Article ID Journal Published Year Pages File Type
3285549 Clinical Gastroenterology and Hepatology 2008 8 Pages PDF
Abstract
Background & Aims: Hepatic fibrosis may occur in patients with intestinal failure requiring total parenteral nutrition, leading to liver dysfunction necessitating combined intestinal and liver transplantation. The decision to perform combined transplantation as opposed to an isolated intestinal transplant is based on the presence of hyperbilirubinemia, portal hypertension, and advanced hepatic fibrosis. Methods: We identified 4 patients who underwent isolated intestinal transplantation having significant liver fibrosis. A novel image analysis technique was applied to serial liver biopsies to more precisely quantitate posttransplantation fibrosis regression separately within both portal and centrilobular areas. Results: All patients were found to have significant portal and centrilobular fibrosis regression, which occurred more rapidly in the former.
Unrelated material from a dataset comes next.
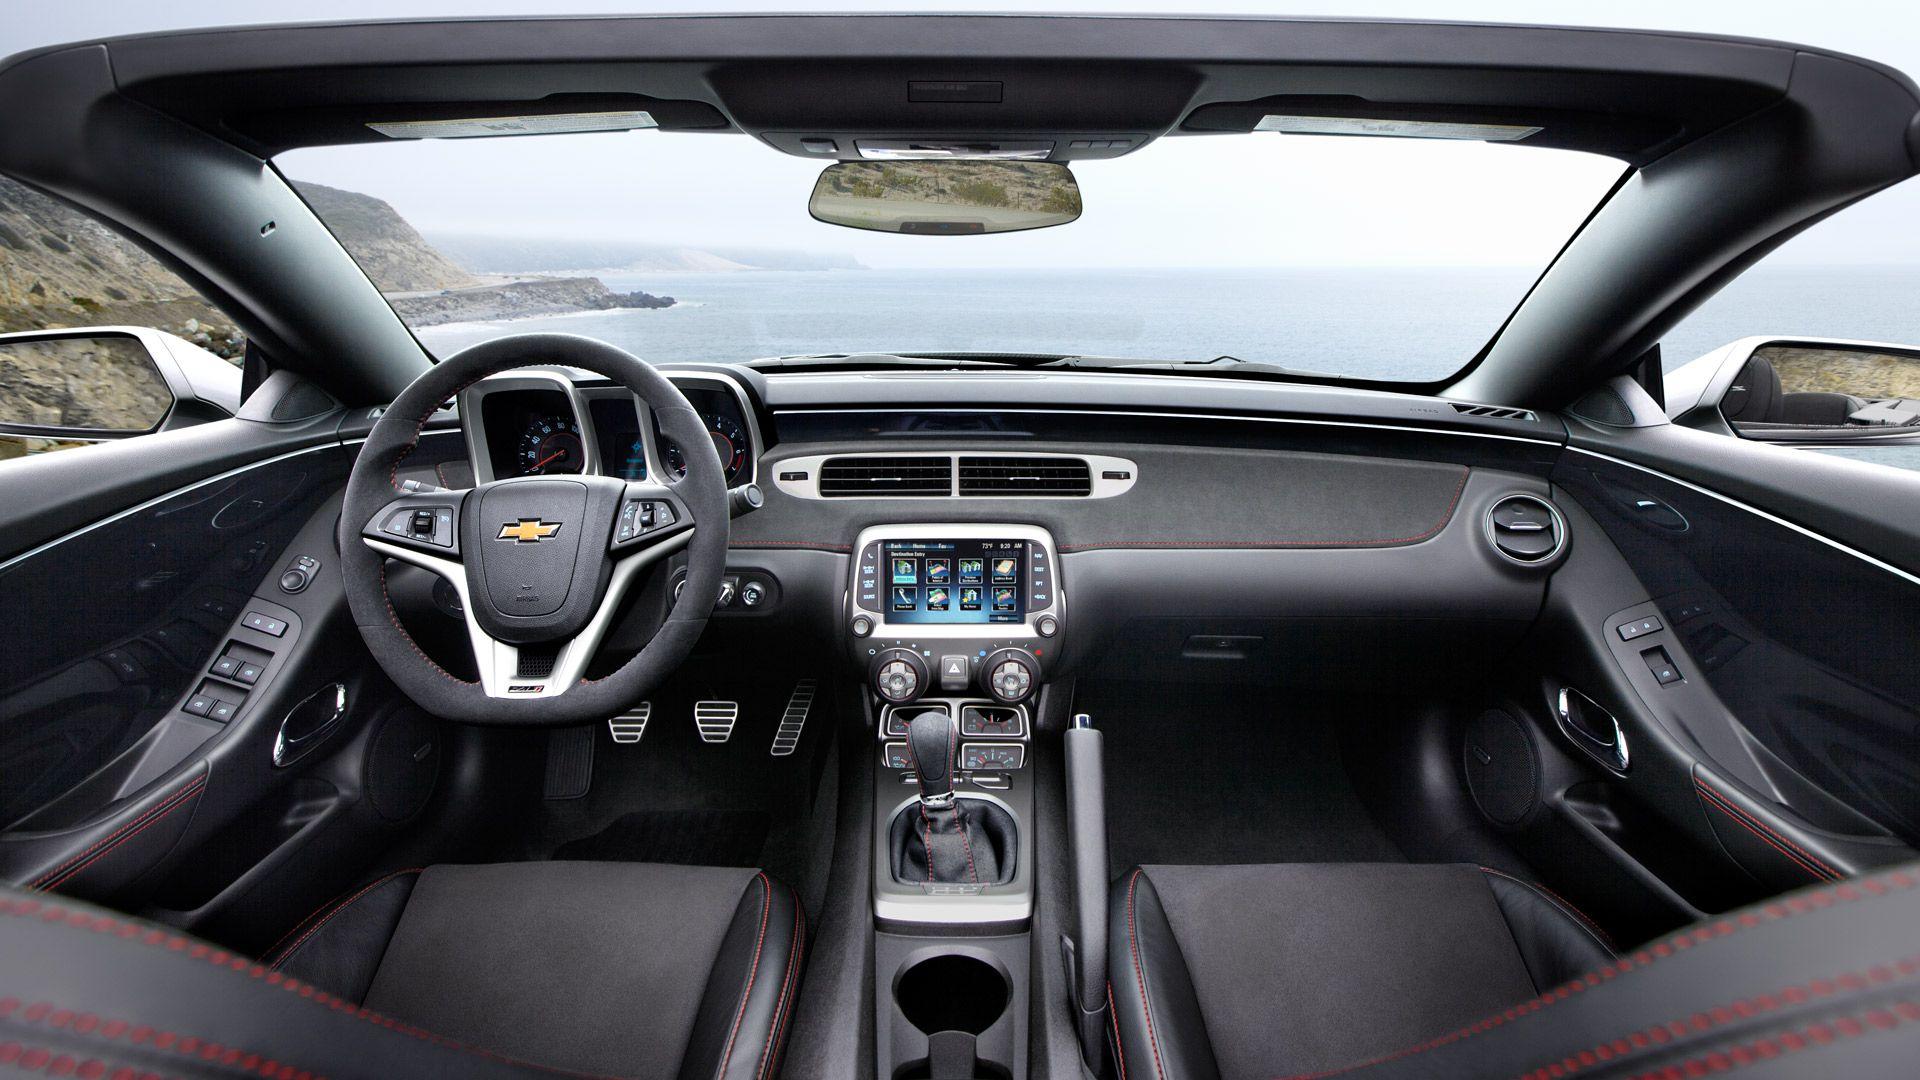 2013 Sports Cars Convertibles 2013 Chevy Camaro Zl1 Convertible Sports Car Interior Photos 2013 Camaro Interior Camaro Chevy Camaro

Two patients had improvement in fibrosis despite infections and continuation of total parenteral nutrition, suggesting that hepatic fibrosis associated with intestinal failure may in part be related to adequate anatomic and functional bowel length. Conclusions: Significant hepatic fibrosis and liver dysfunction may regress after intestinal transplantation and fibrosis regresses more rapidly in portal areas. This suggests that some patients with intestinal failure and associated liver disease may safely undergo isolated intestinal transplant without the need for concurrent liver transplantation and its attendant higher morbidity and mortality.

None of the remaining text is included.